I discovered no problems with auto_primary versus basic composite
types here, just the things listed above.
-John
And then once this has run, as before, the file comparison is hard to
fathom (it is not comparing the correct files to each other).
The example rgClean.xml which Dave Bouvier pointed me at uses
a composite datatypes with a central file ('pbed' which is a subclass
of 'html') while the other examples I've found are 'html'.
i.e. composite_type='auto_primary_file'
It does seem likely at this point that I could be the first person
attempting to write a unit test for a composite datatype without a
primary file (i.e. composite_type='basic').
I'd appreciate being shown an existing working unit test using a
basic composite datatype as an output file - perhaps there is
something on the Tool Shed (which is harder to search than
the main repository where I can use grep)?
Thanks,
Peter
--
$ ./run_functional_tests.sh -id ncbi_makeblastdb
...
galaxy.jobs.handler DEBUG 2013-04-25 15:12:44,214 (2) Dispatching to
local runner
galaxy.jobs DEBUG 2013-04-25 15:12:45,599 (2) Persisting job
destination (destination id: local:///)
galaxy.jobs.handler INFO 2013-04-25 15:12:45,711 (2) Job dispatched
galaxy.jobs.runners.local DEBUG 2013-04-25 15:12:46,345 (2) executing:
makeblastdb -version &>
/tmp/tmpovUM3w/database/tmp/GALAXY_VERSION_STRING_2; makeblastdb -out
"/tmp/tmpovUM3w/database/files/000/dataset_2_files/blastdb" -in "

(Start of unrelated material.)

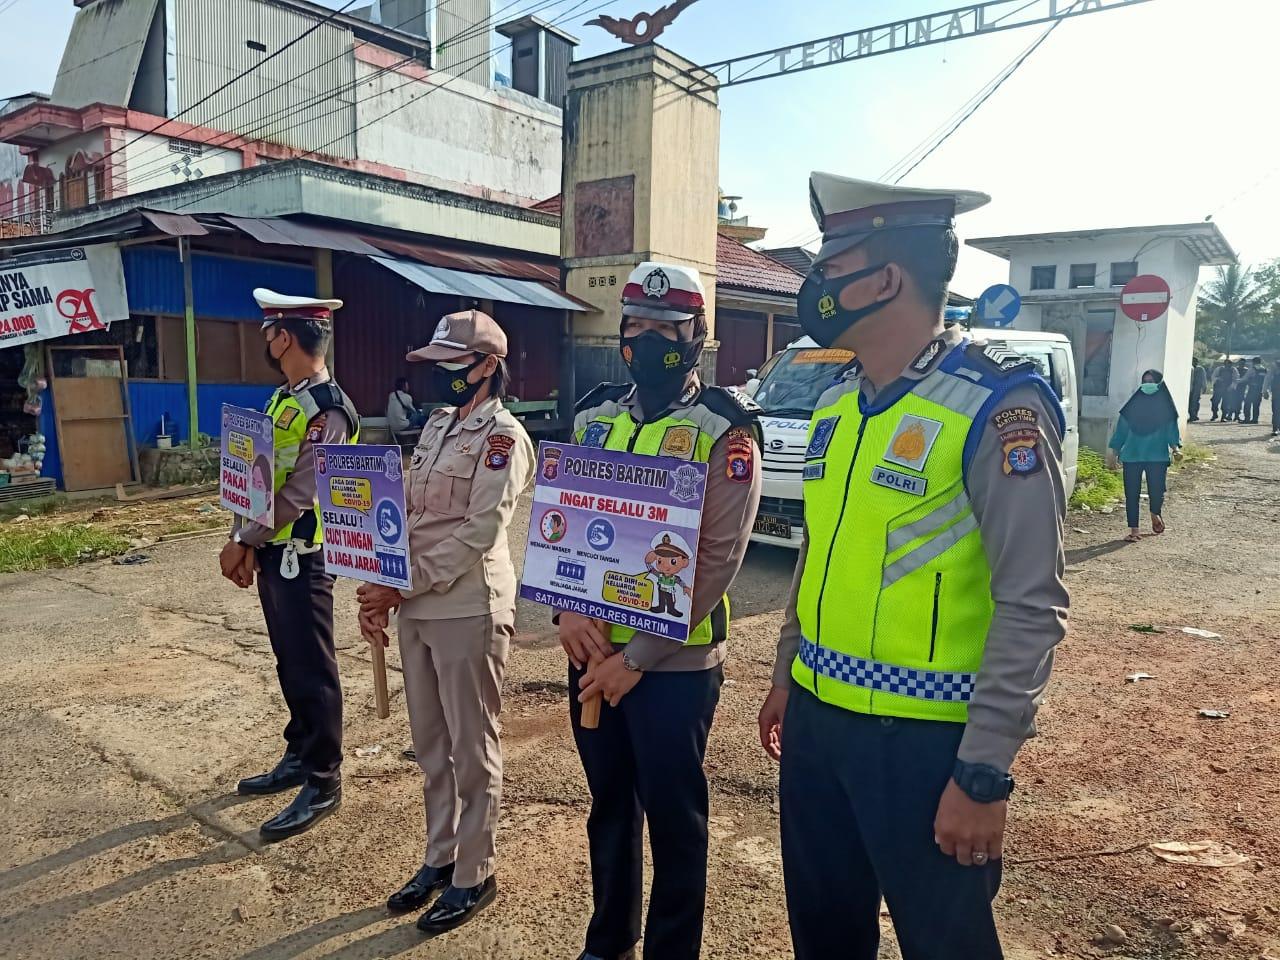 Satlantas Polres Bartim Gencar (Gatur) Kampanyekan Ayo Pake Masker
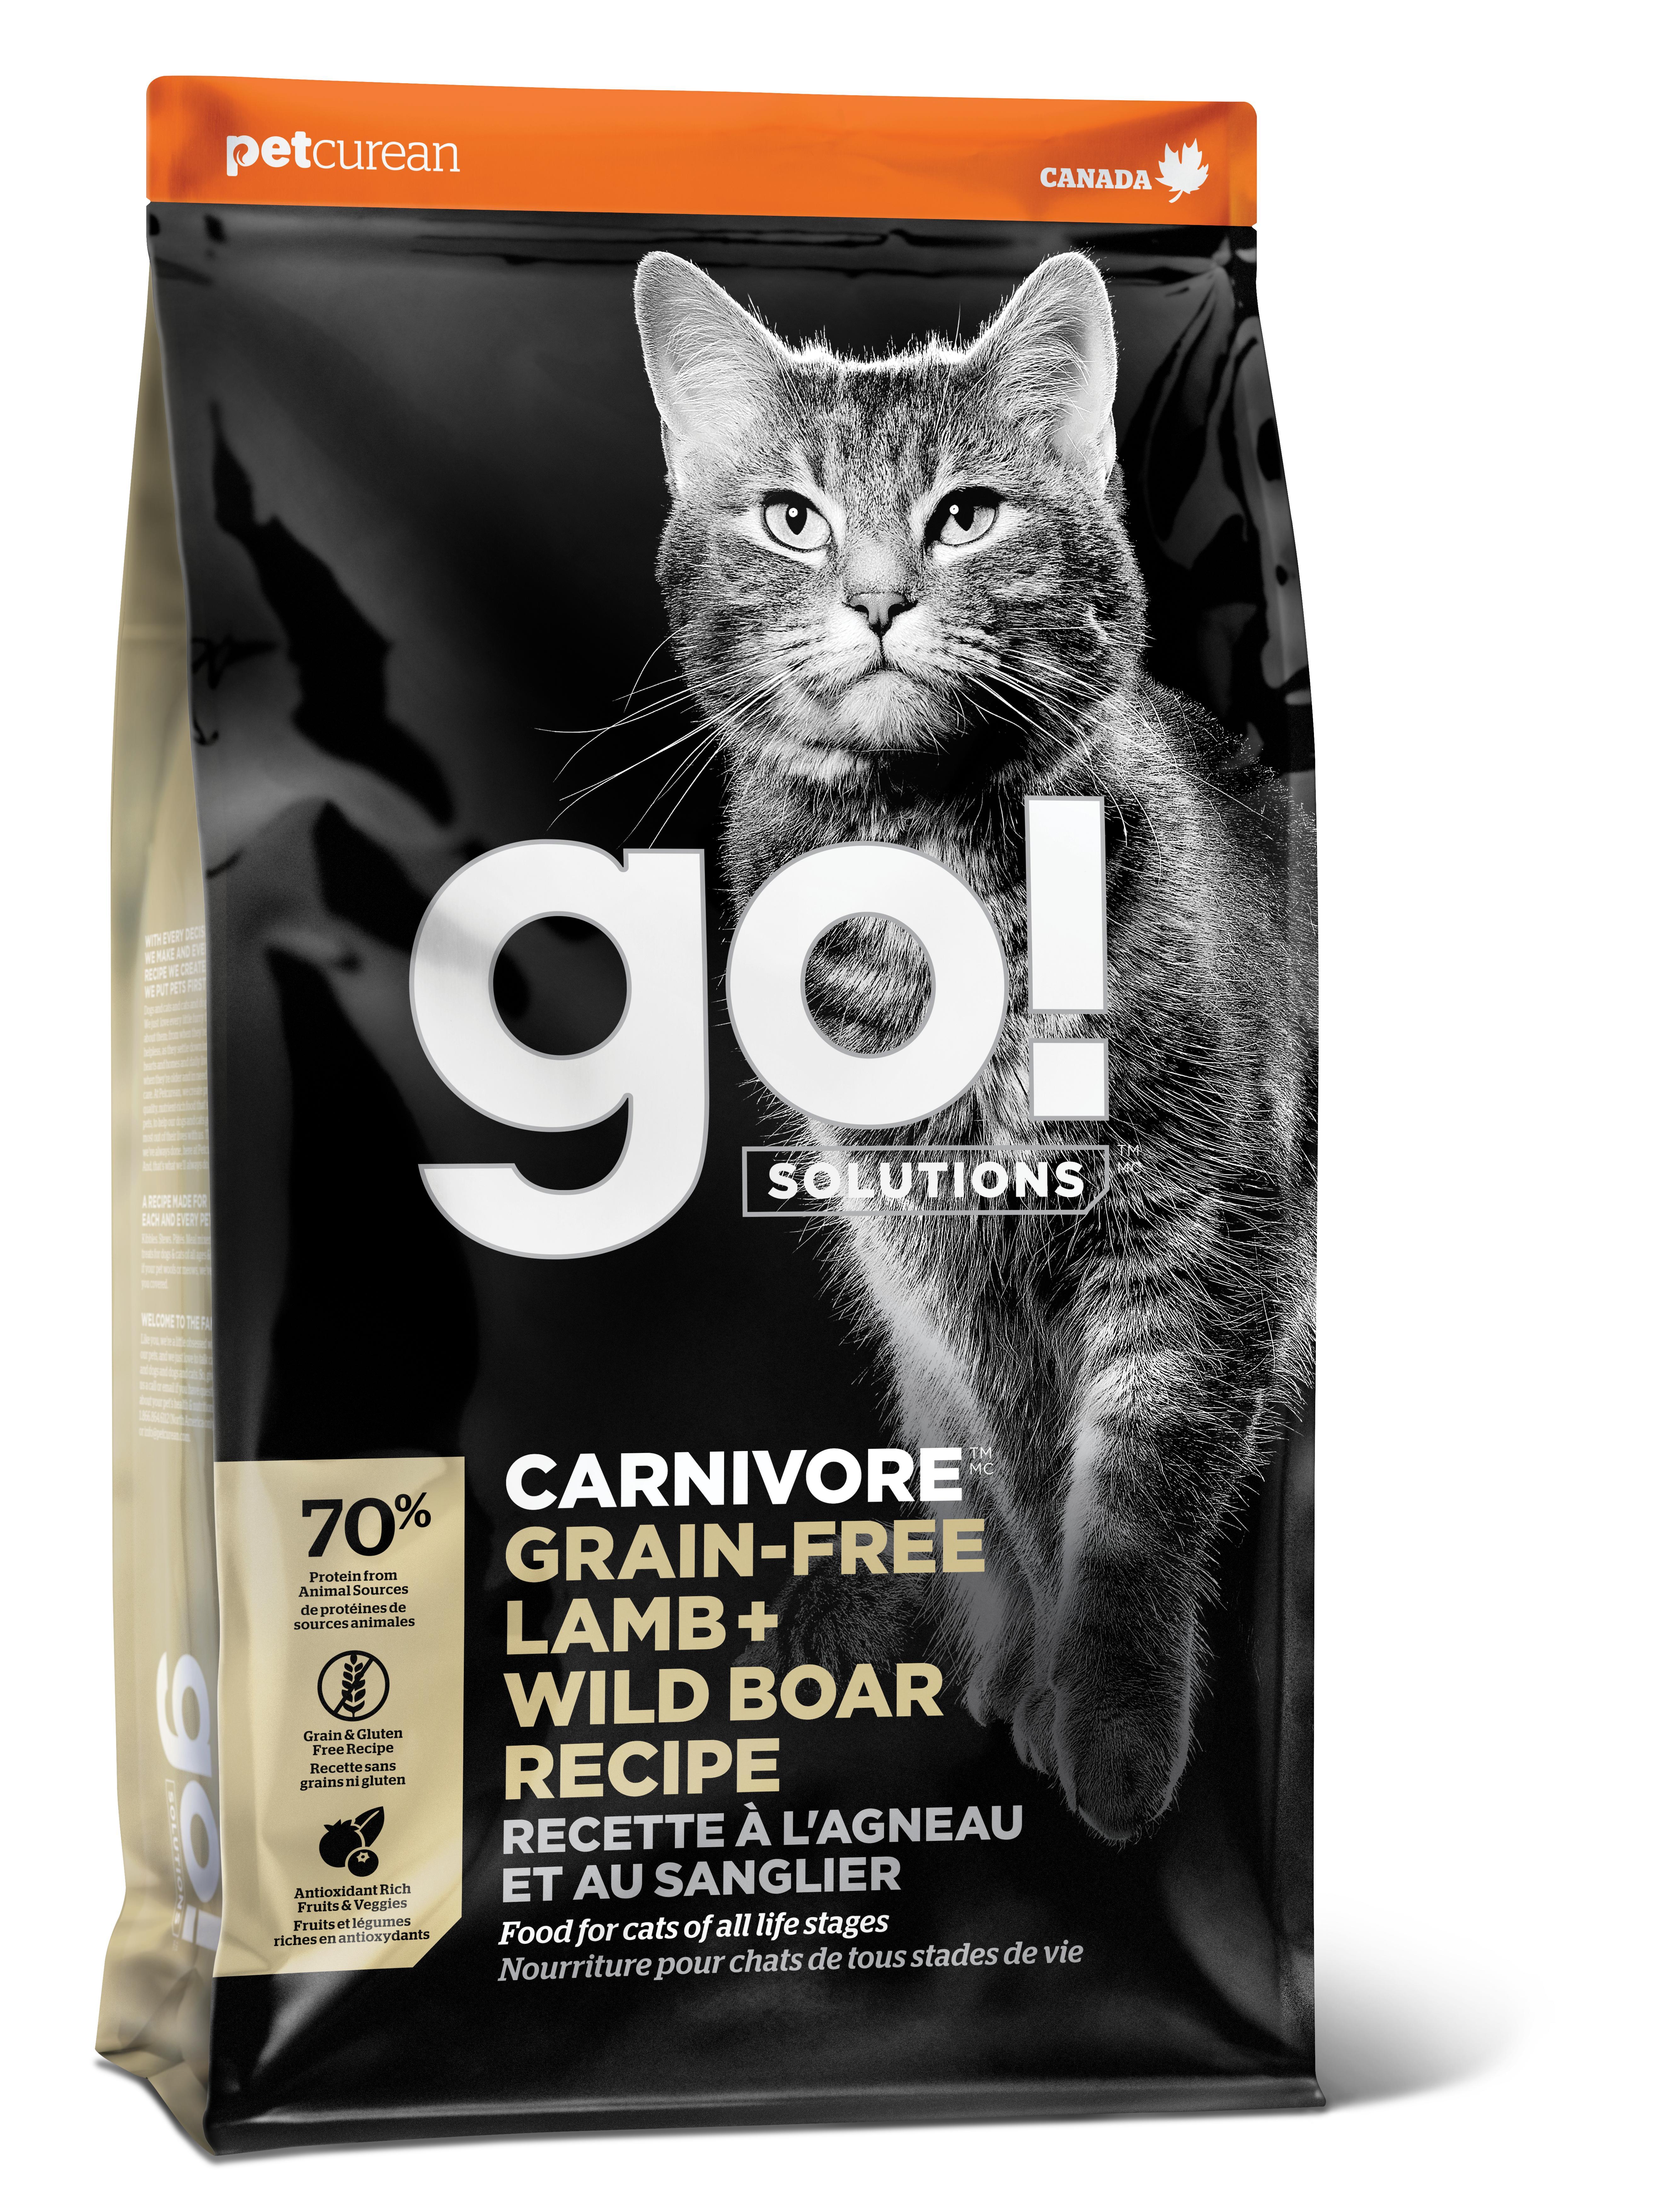 Go! Solutions Carnivore Lamb + Wild Boar Grain-Free Dry Cat Food Image

/tmp/tmpovUM3w/database/files/000/dataset_1.dat
/tmp/tmpovUM3w/database/files/000/dataset_1.dat " -title "Just 4
human proteins" -dbtype prot
galaxy.jobs DEBUG 2013-04-25 15:12:46,409 (2) Persisting job
destination (destination id: local:///)
galaxy.jobs.runners.local DEBUG 2013-04-25 15:12:46,897 execution
finished: makeblastdb -version &>
/tmp/tmpovUM3w/database/tmp/GALAXY_VERSION_STRING_2; makeblastdb -out
"/tmp/tmpovUM3w/database/files/000/dataset_2_files/blastdb" -in "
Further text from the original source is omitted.